Of course I took it. I didn’t really need it, but I took it and went home and told my wife. I also told my friends. Then I told the attendees at the Rocklin Chamber of Commerce when I was the program speaker a couple of weeks later. You would’ve thought the company was paying me to promote it.

Guess what happened to the company’s average customer purchase amount?

Bottom line is it worked, sales came back and it’s growing at a steady pace. Checkers are happier, and so are the shoppers. I know this because that very store has become my favorite supermarket, even though it’s not my closest.

Free software

If you’re selling a service or providing a skill, the same idea works. Tis’ the season for taxes, and Turbo Tax, one of the more popular tax preparation tools, is giving its services away for free. Just go to turbotax.intuit.com and select the “Free Edition” — it even includes free eFile.

They’re giving away their software for free so the people who are starting to do their taxes become familiar with it. The idea is that as these low-wage earners increase their income, and the complexity of their reporting needs, they will go to Turbo Tax and become paying customers.

By the way, they also offer fantastic online technical support for free.

What can you do?

Whether you’re selling business to business or retail to the general public, you have knowledge and information that is of value to your customers. Capture some of it and put it into a nice format, something that looks good. Then give it away.

Start with your customers, then find other vehicles for distribution that are free.

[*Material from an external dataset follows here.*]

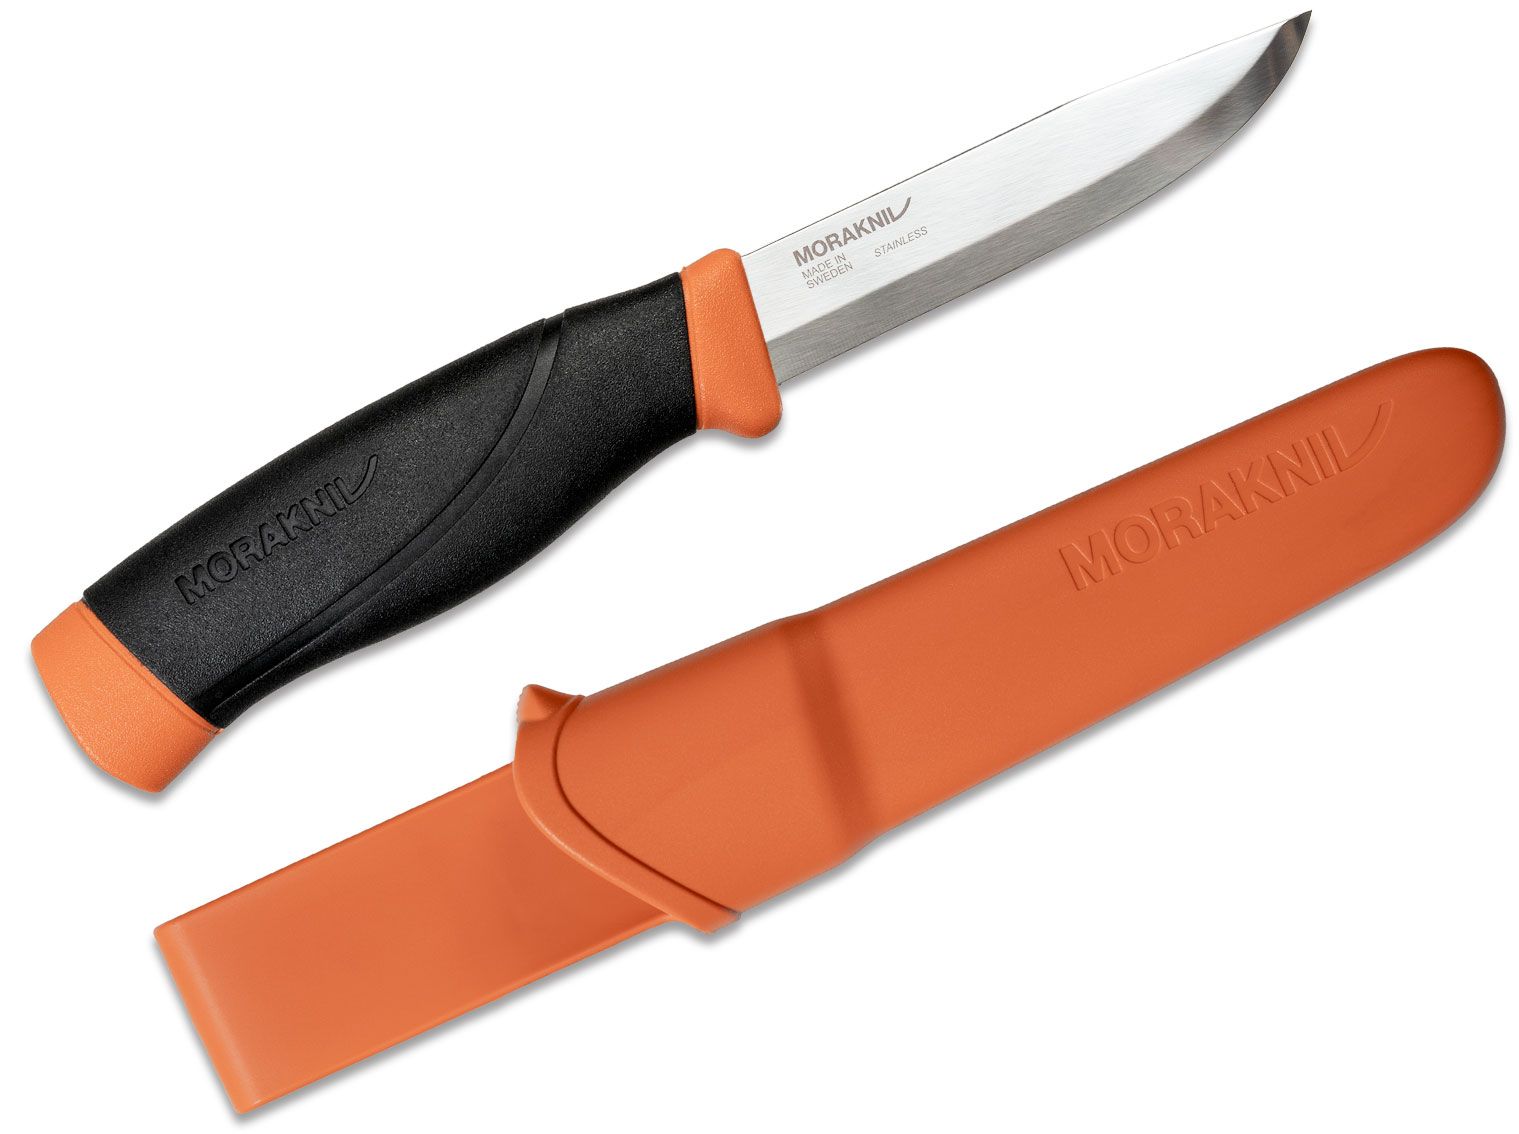 Morakniv Companion Spark Knife with Integral Fire Steel Red Bushcraft Knife  For Sale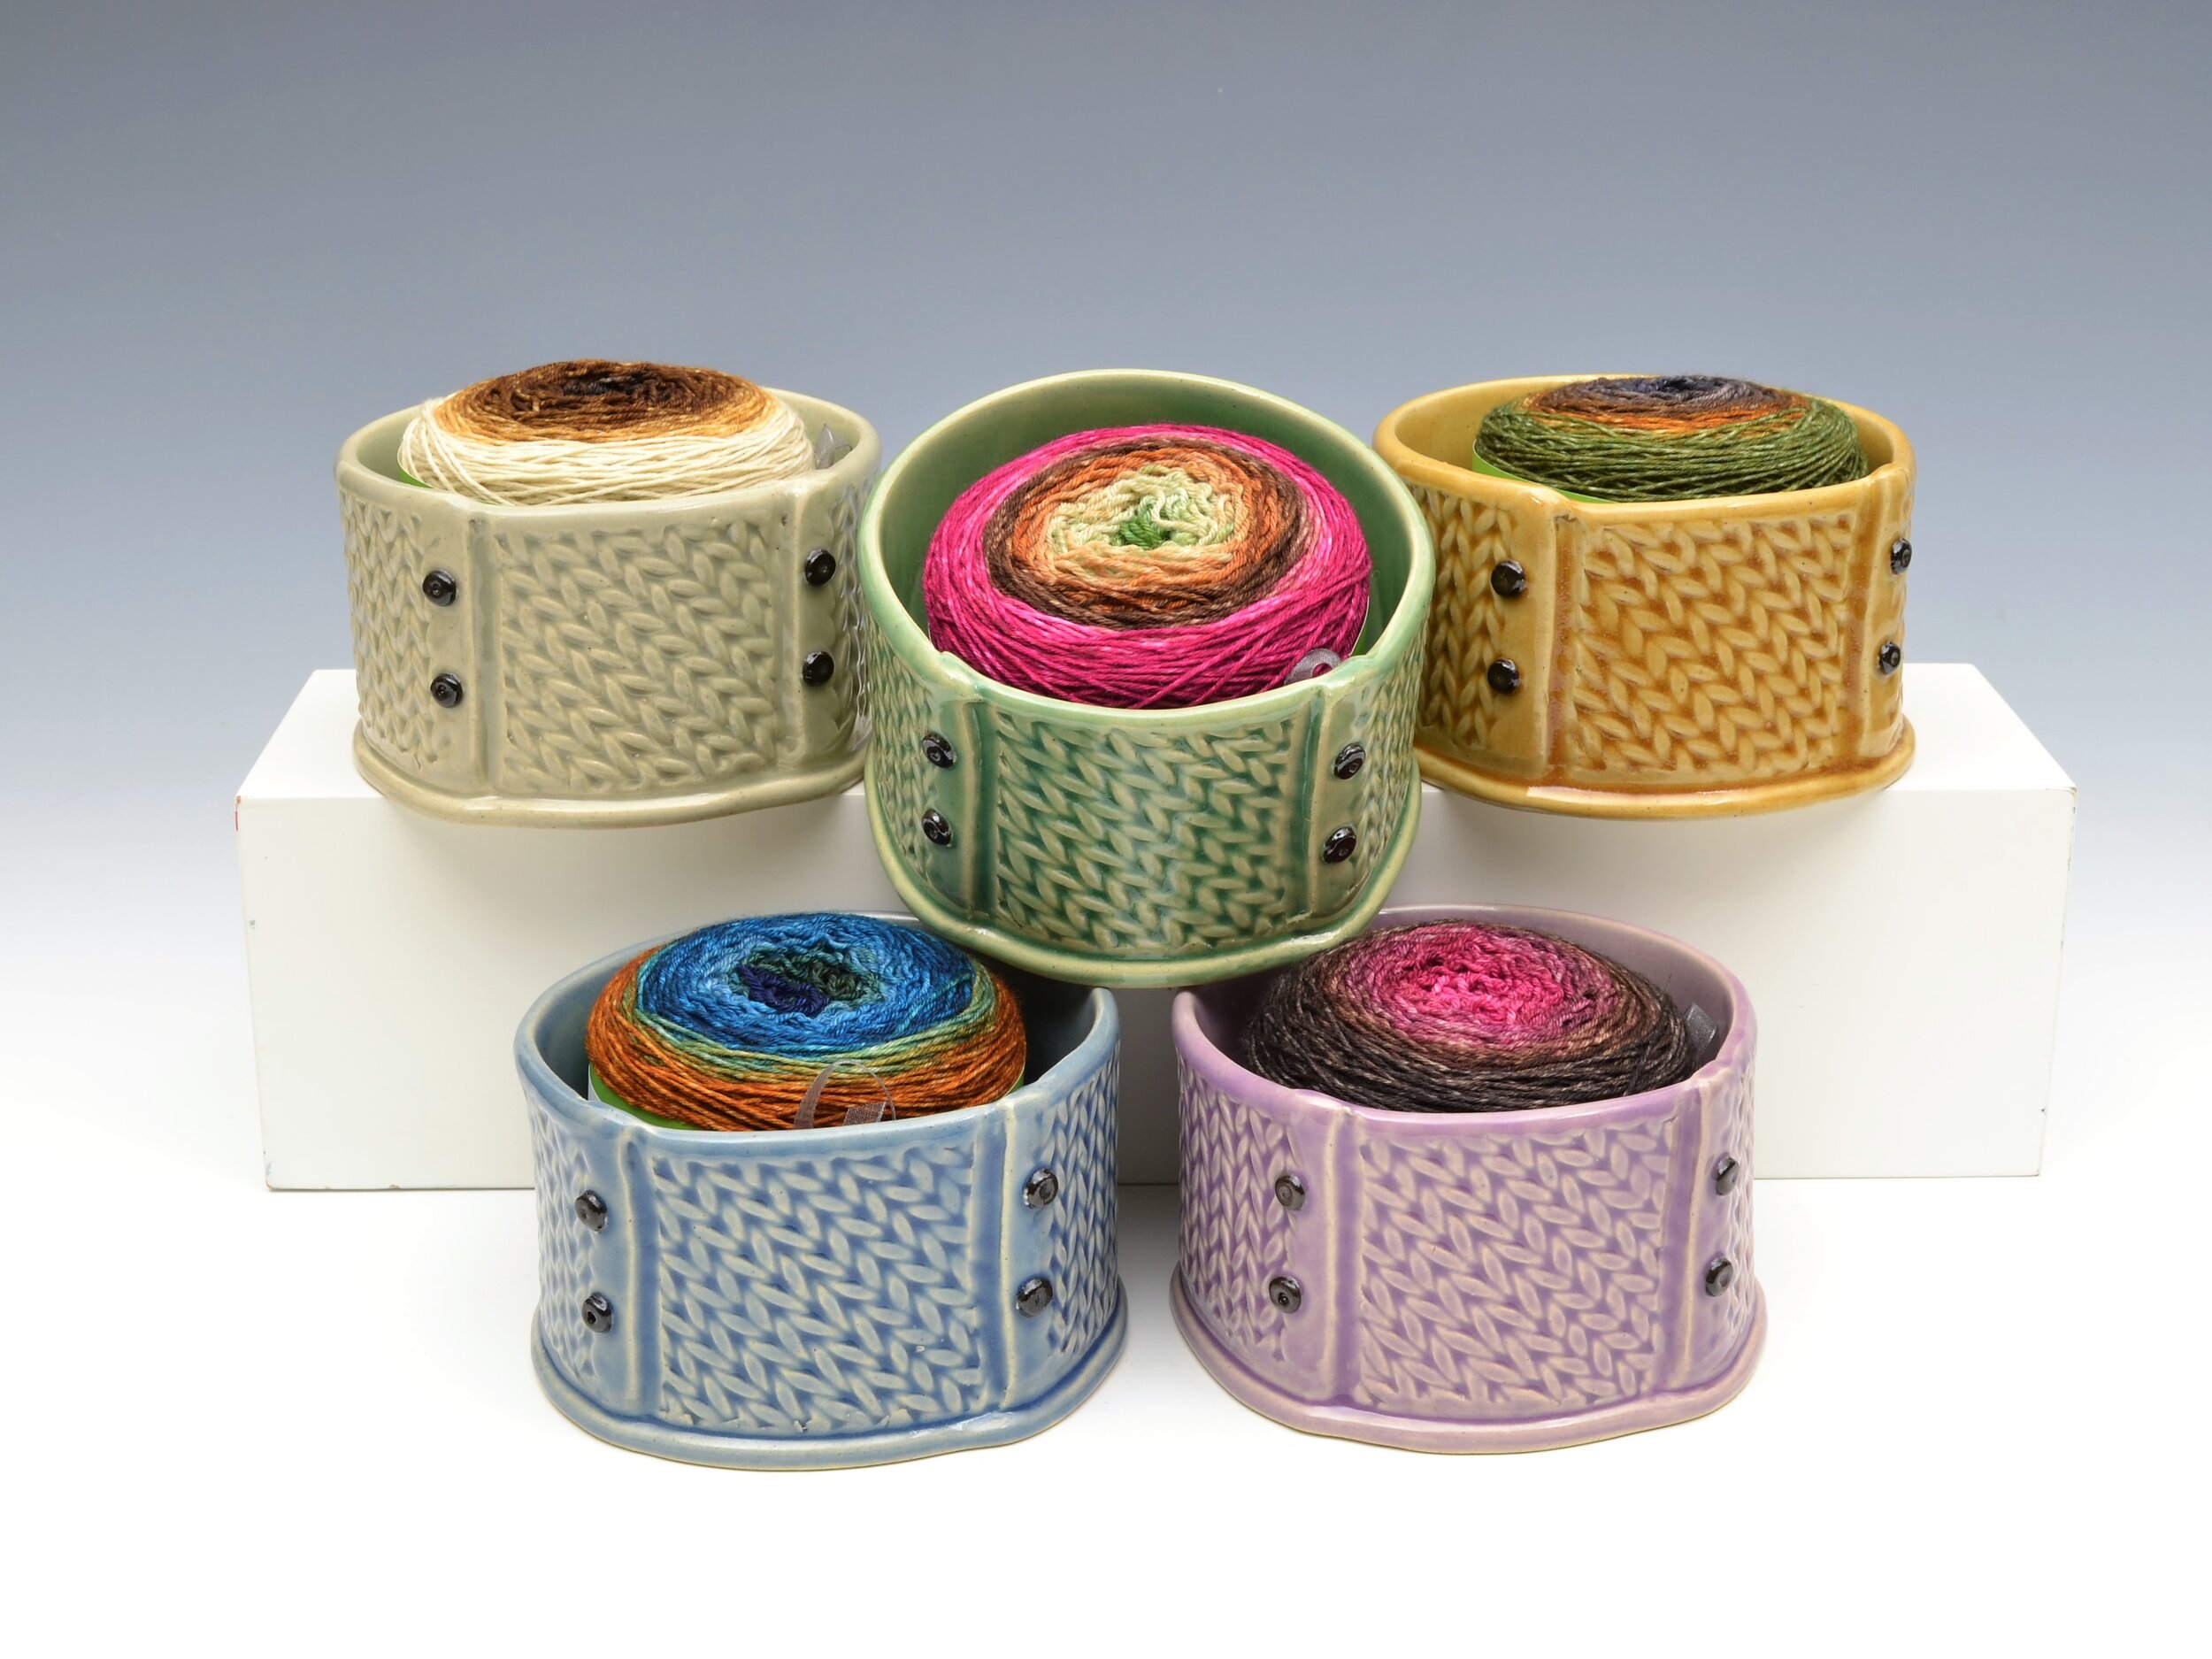 Round Crochet Bowl, Yarn Bowl, For Crocheting For DIY Knitting

There are many places you can have your material distributed for free if you’re not trying to sell it.

From chambers of commerce to the bulletin board in your local grocery store, find a way to get your valuable knowledge into the hands of people, and if they perceive it as having value, they’ll be back for more, I guarantee it.

And when they come back, they’ll feel a whole lot better about spending money with you because you have already done your part — you gave them something they found value in for free.